Objective Journalism

Steve has pointed out several times how poorly the mainstream media do in establishing verifiable facts, instead kotowing to the requirement of providing a “balanced view” and presenting “both positions” on an issue. For example, just today the Boston Globe· runs a story entitled Bush argues his Social Security plan aids blacks·:

Under a system based on wages, the average monthly Social Security retirement benefit received by African-Americans is $775, compared with $912 for whites. In addition, many blacks never receive the benefits because a disproportionate number die before they are eligible. On average, black males die six years sooner than white males.

But some groups representing African-Americans say that Bush’s logic is faulty and that creating private accounts would hurt blacks rather than help them. They maintain that Bush is playing a race card to boost his plan.

After summarizing the position on both sides of the debate, the story notes:

Whichever side is right, the controversy has put a spotlight on what some say has been missing in the national discussion over Social Security: Is the system filled with inequities that discriminate against certain demographic groups?

Whichever side is right? There probably is a correct answer to this question, and I submit the media should be responsible for reporting that answer, even if the result is that it appears to be “taking sides” in the debate. Steve pointed me to a report from the Center on Budget and Policy Priorities· entitled African Americans, Hispanic Americans, and Social Security: the Shortcomings of the Heritage Foundation Reports·. The report notes straightforward actuarial errors made in the report the Bush administration relies on for its claim that the social security system disadvantages racial minorities.
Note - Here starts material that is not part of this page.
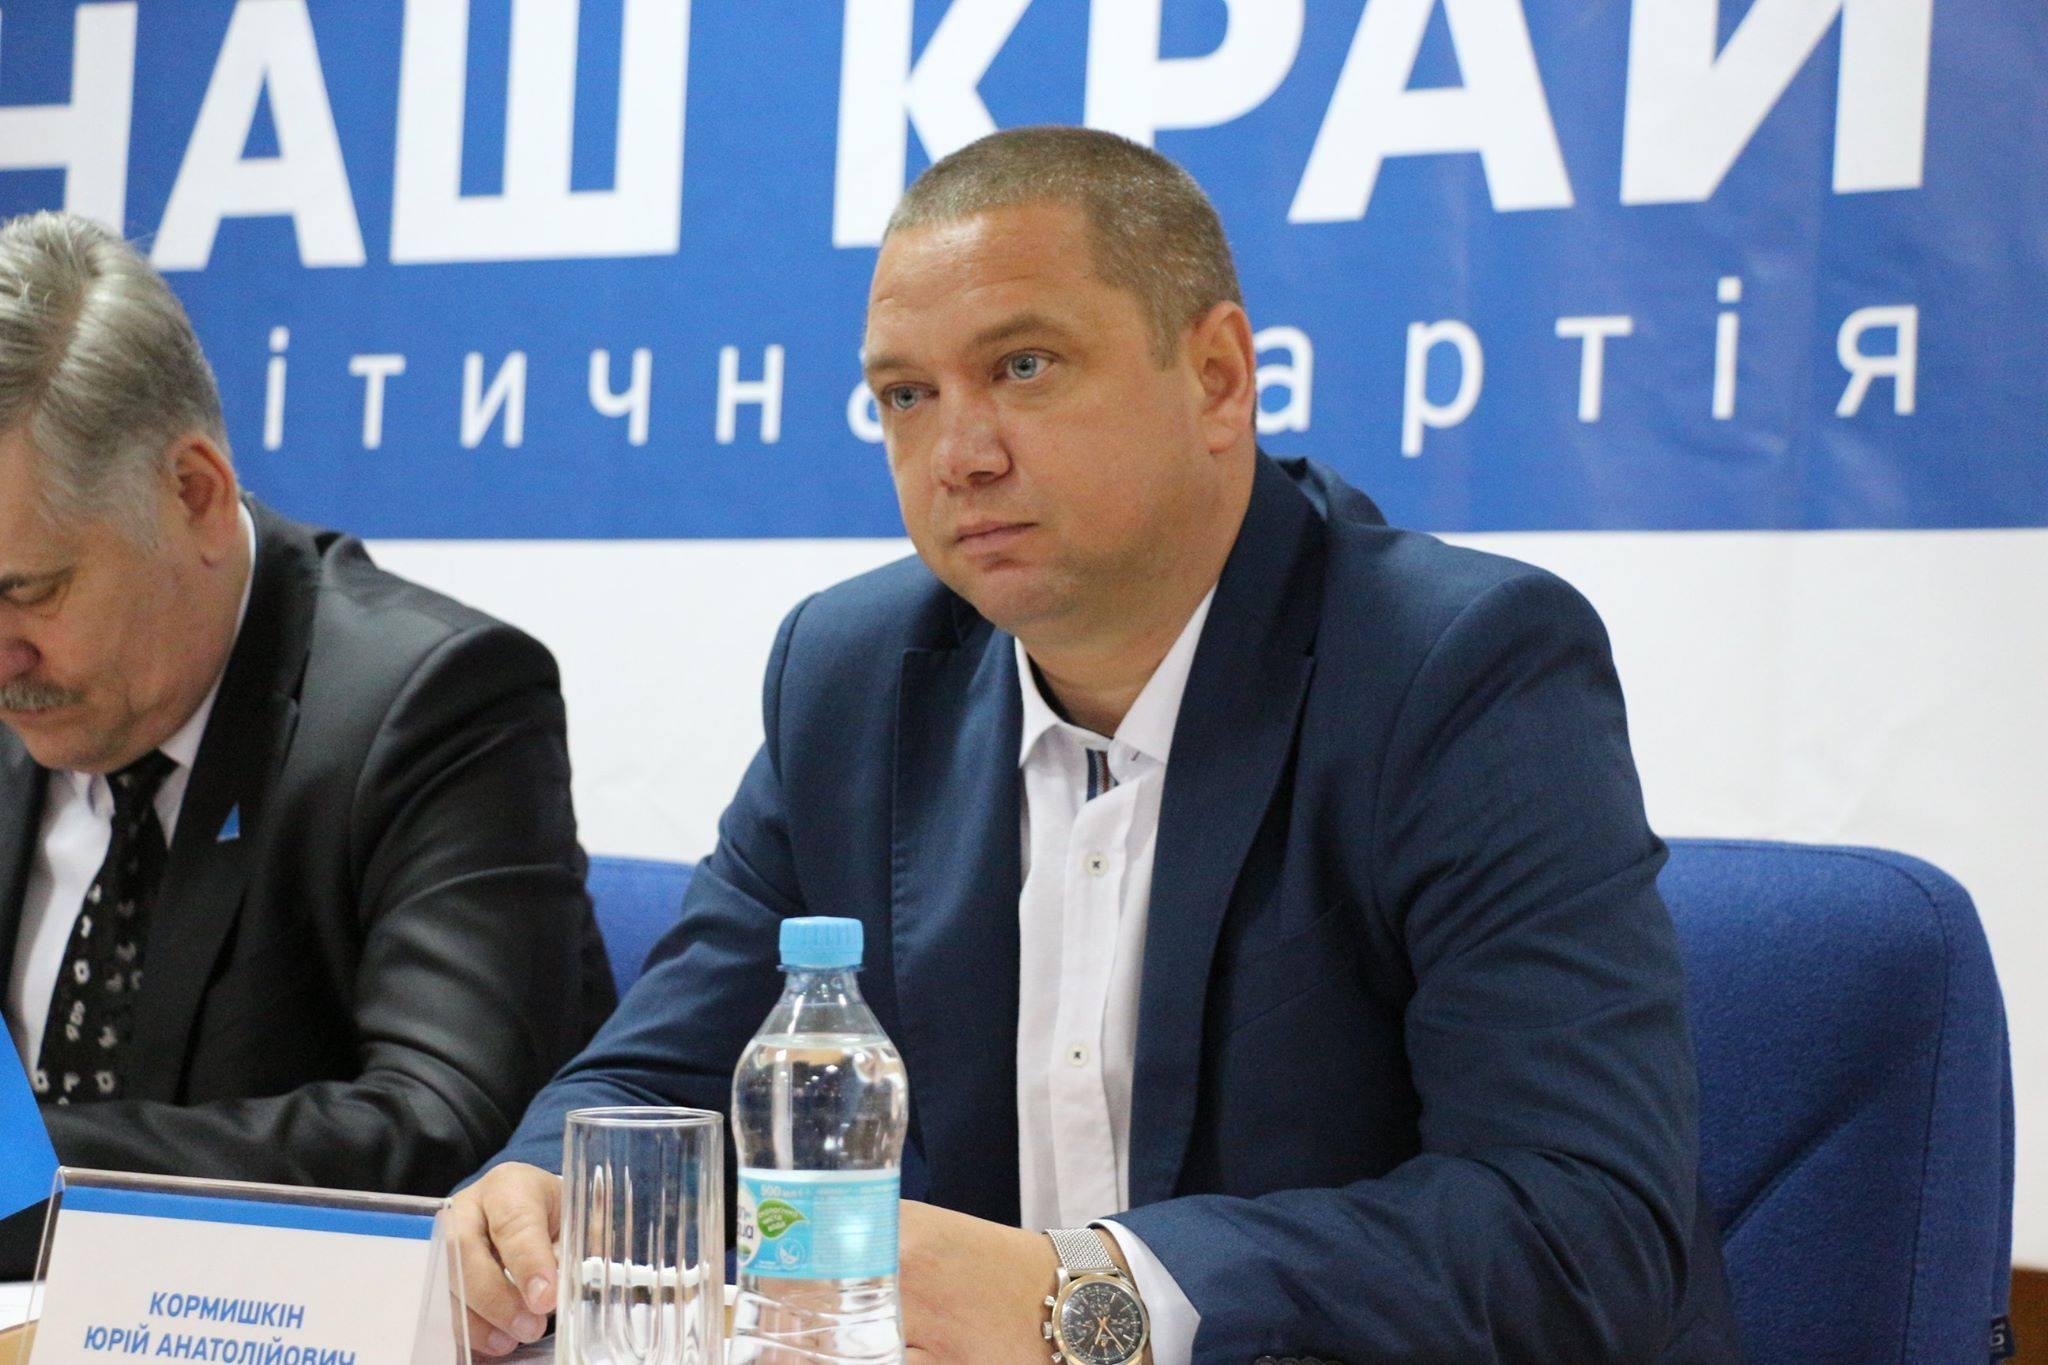 Юрій Кормишкін: Повагу людей не так просто заробити, а нам це вдалося

One example:

The Social Security Administration’s Office of the Chief Actuary found that Heritage both overstated the payroll taxes that workers pay for Social Security and understated the Social Security retirement benefits that workers receive, with these errors being particularly large for African Americans. The Office of the Chief Actuary found that in estimating the number of years an individual would work and make payroll tax contributions, Heritage failed to take into account the fact that some workers die before retirement and consequently contribute payroll tax for a smaller number of years than those who work into their 60s. Since a larger portion of African-American workers than of white workers die before 65, failing to take this factor into account led Heritage to make particularly large errors in its rate-of-return calculations for African Americans. For example, the actuaries found that the number of years a 20-year-old African-American man is expected to make payroll tax payments into the Social Security system is six years fewer than the Heritage methodology would predict. This flaw in its methodology led Heritage to overstate significantly the Social Security taxes that African Americans pay.

Another good example of this phenomenon is WBUR public radio host Tom Ashbrook’s show, On Point, where Ashbrook bends over backwards to make sure he’s always giving “both sides” a fair shot in the discussion, even to the point where he has take a clearly ridiculous view (for example, “maybe the people who want to ban discussion of evolution from classroom textbooks are factually right!”). National Public Radio has been demonized by the right wing for several years now, so perhaps this is an attempt to preempt further charges of bias.

The Boston Phoenix· ran a a great interview with veteran political writer and Dorchester native Jack Beatty· that focused on this same issue several weeks ago. When asked about the media’s role in the “Swift-Boat Veterans for Truth” smear ads during last year’s presidential campaign, Beatty responds:

In the past, there were terrible lies told about candidates. But I think the difference is that journalism has become a vector for these lies, and a way of dignifying them and treating them through this terrible trap of objectivity. “You say, Mr. Hitler, that the Jews are in fact parasites and need to be destroyed. You over here, Rabbi, disagree. Let’s talk.” This objectivity is strangling. You think of journalism as a mirror and a lamp. It’s strictly a mirror today.

Steve pointed out another great example of this a couple of months ago when the New York Times· ran a positive story on the Mozilla Firefox web-browser·, but declined to establish verifiable facts:

Firefox has won praise from some Internet experts for being more innovative than Microsoft’s Internet Explorer and less susceptible to malicious programs that routinely attack the Microsoft browser.

Firefox, they say, is a compact, free-standing browser designed to display Web pages rapidly while blocking pop-up ads and other unsolicited windows. Downloads of the new browser were running at the rate of a million a day last week.

While the security claim might arguably be a matter of opinion (although clearly any argument that up to this point Internet Explorer is no more subject to security vulnerabilities than Mozilla Firefox is laughable), the issue of whether Firefox “displays Web pages rapidly” is quite easy to test. In fact, I’m sure there are people already on the New York Times payroll who would be able to verify (or refute) the claim. And yet, the New York Times—like most other mainstream media publications—lets “you be the judge.”

Hey, one side says it loads faster, the other side says it doesn’t, and who are we to force our opinion on you?